Once the two were in the car, the sergeant asked Roberto what had really happened and Roberto explained. He pointed out to the sergeant where he was bruised in the ribs and said that if he had been running away there would have been no way that the bruises would be in that particular place. The sergeant saw that Roberto could not even get down from the car because of the pain and told him that he could file a complaint. Upon arrival to a Border Patrol holding cell, an agent took him to a medical clinic where the doctor said that he had broken two ribs and in the official medical report said that the break was because of a blow. Roberto was brought to Tucson and someone from Internal Affairs interviewed him about the incident, took photos of the injury, and said they would investigate. He was then charged with illegal reentry and through Operation Streamline was sentenced to a month in jail. In his month in jail, he was not given another medical exam. The officials from Internal Affairs that he tried to follow up with regarding the investigation never responded to him.

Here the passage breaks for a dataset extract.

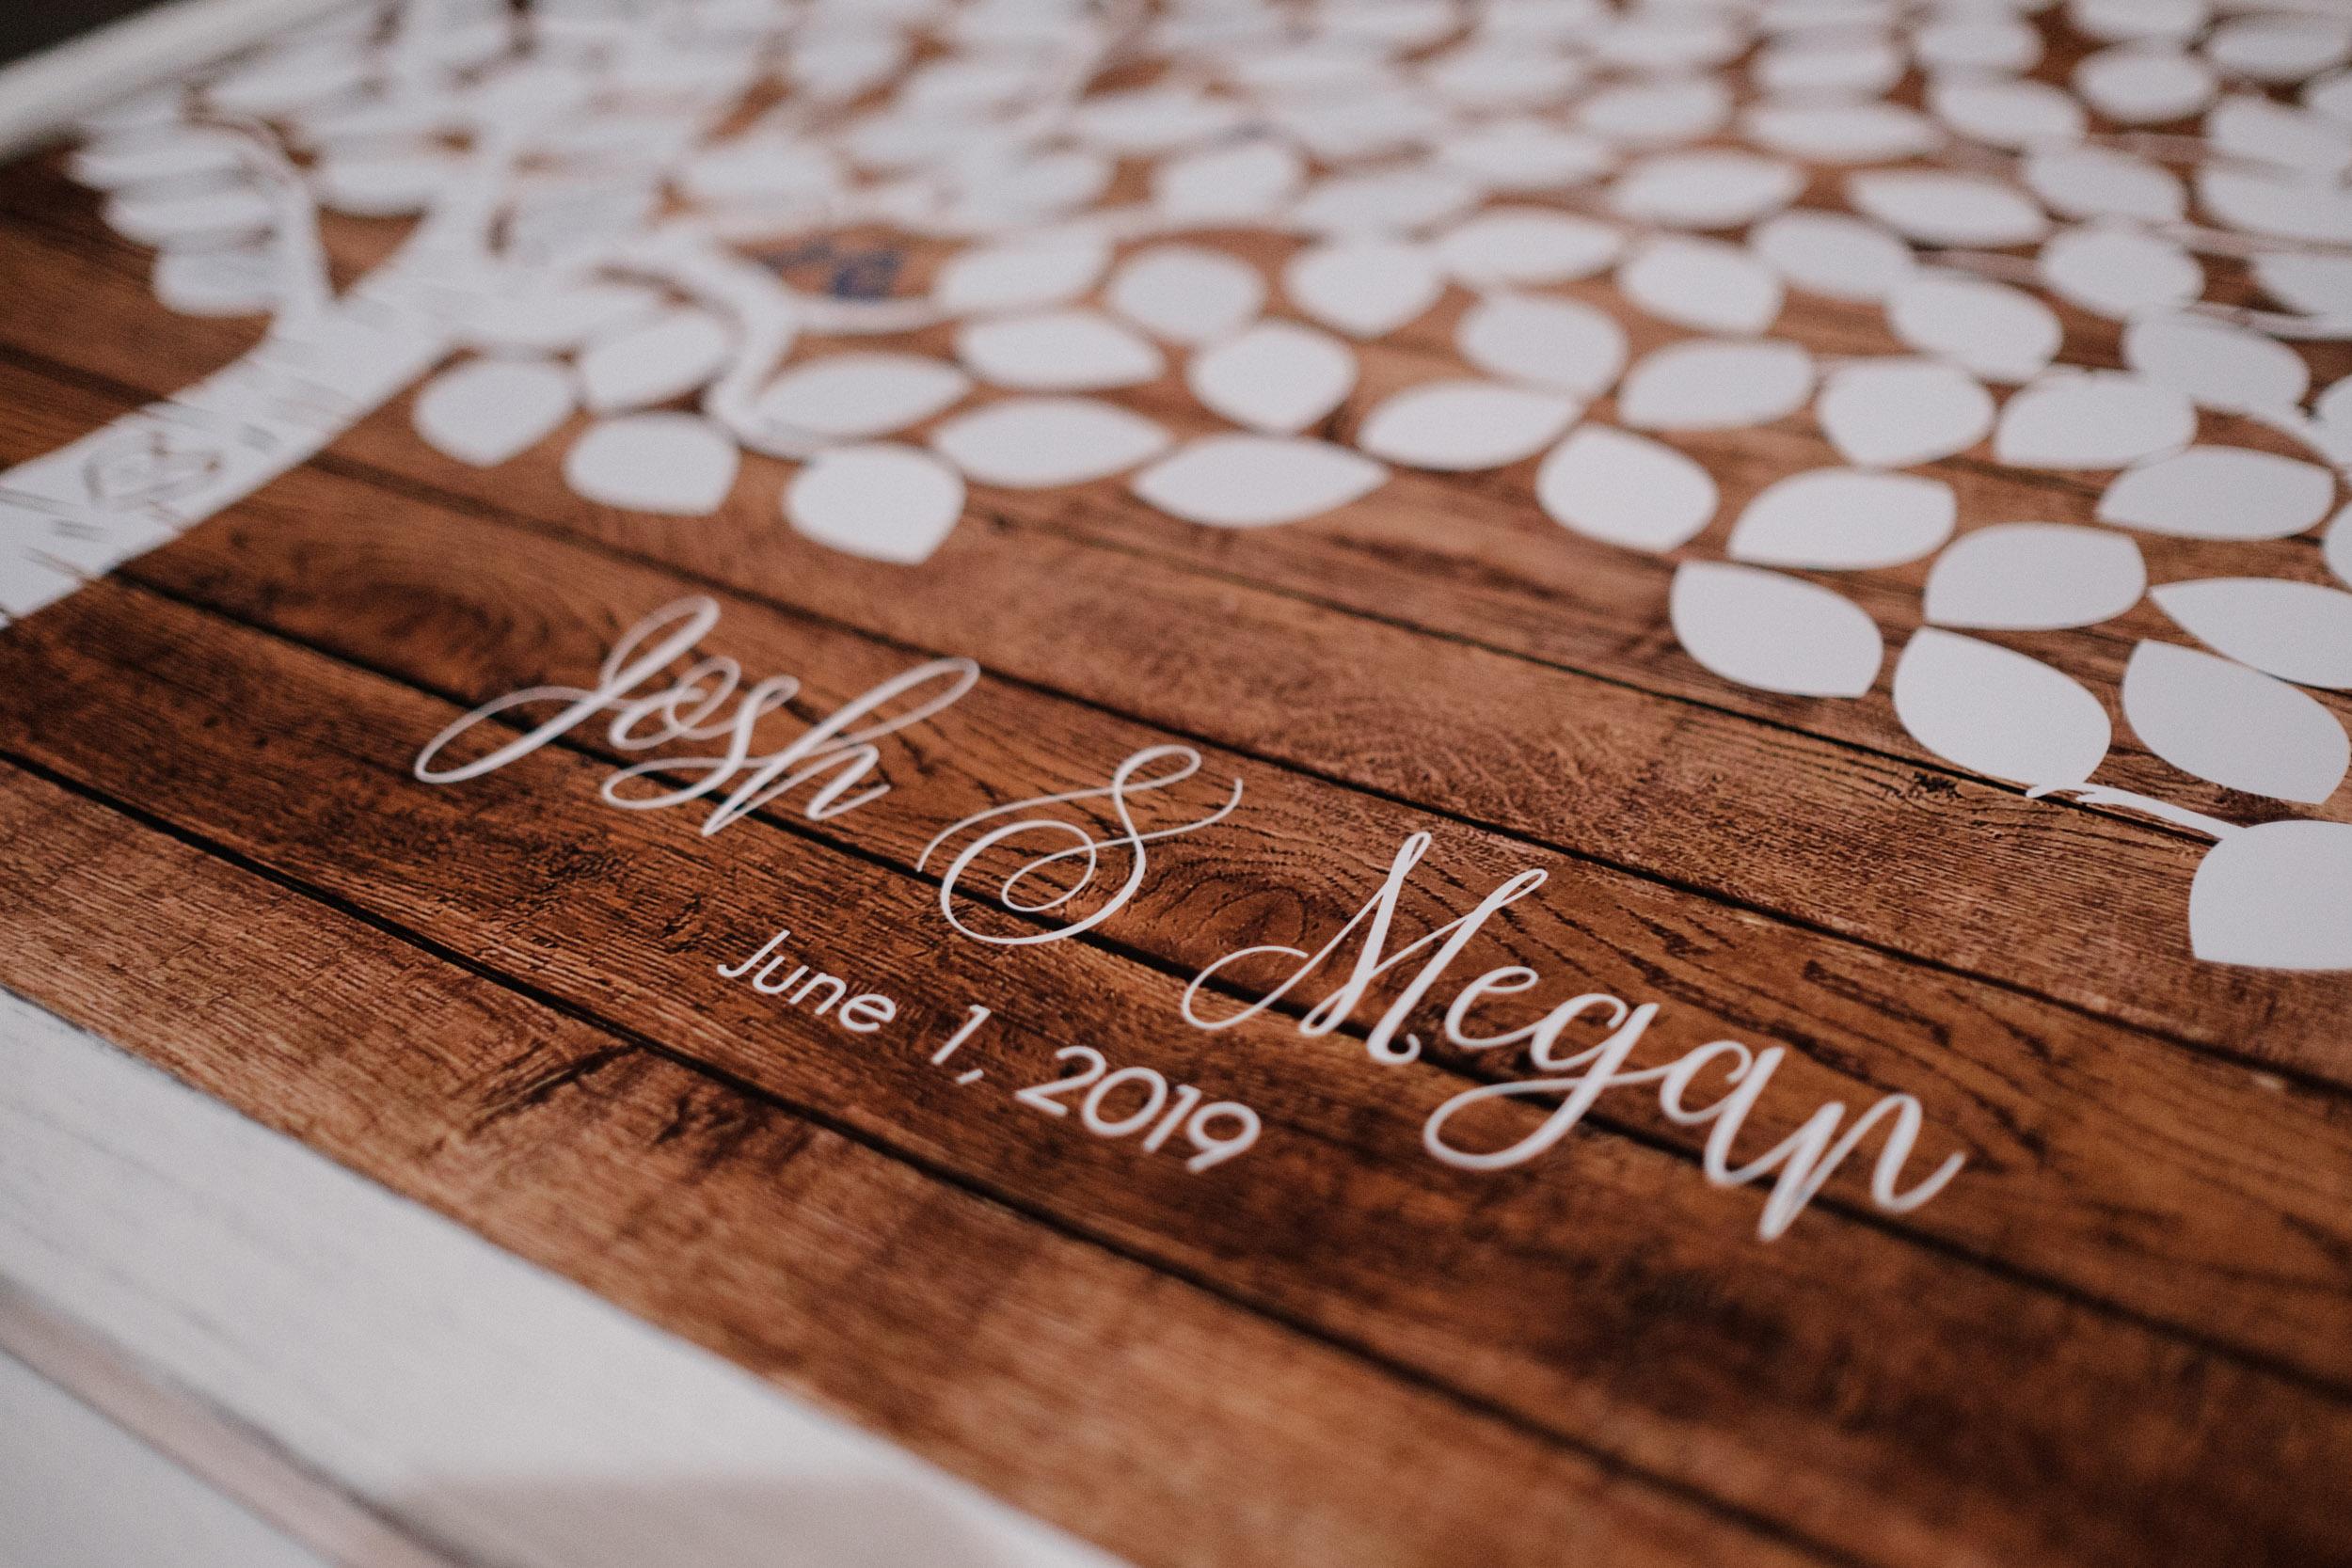 19-06-01 Megan Josh - Nicholas Conservatory Wedding-58.jpg

He is not sure whether or not they carried out an investigation or disciplined the officer.] 

To me, it's impossible to say whether he could have accomplished more or not; for him, as a lawyer and politician, I think he has a natural reluctance to embark on a project that's likely to fail, and that's something we have to live with with all of them. He knew what needed to be done, I think, following up on the good work of Johnson and Reagan (one thing I'll always give that idiot credit for, though I suppose he was only supporting the cheap-labor addiction of his Southern California friends), and didn't manage to do much of it. Is he anything, even remotely, like Donald Trump? No, friends. Don't say that.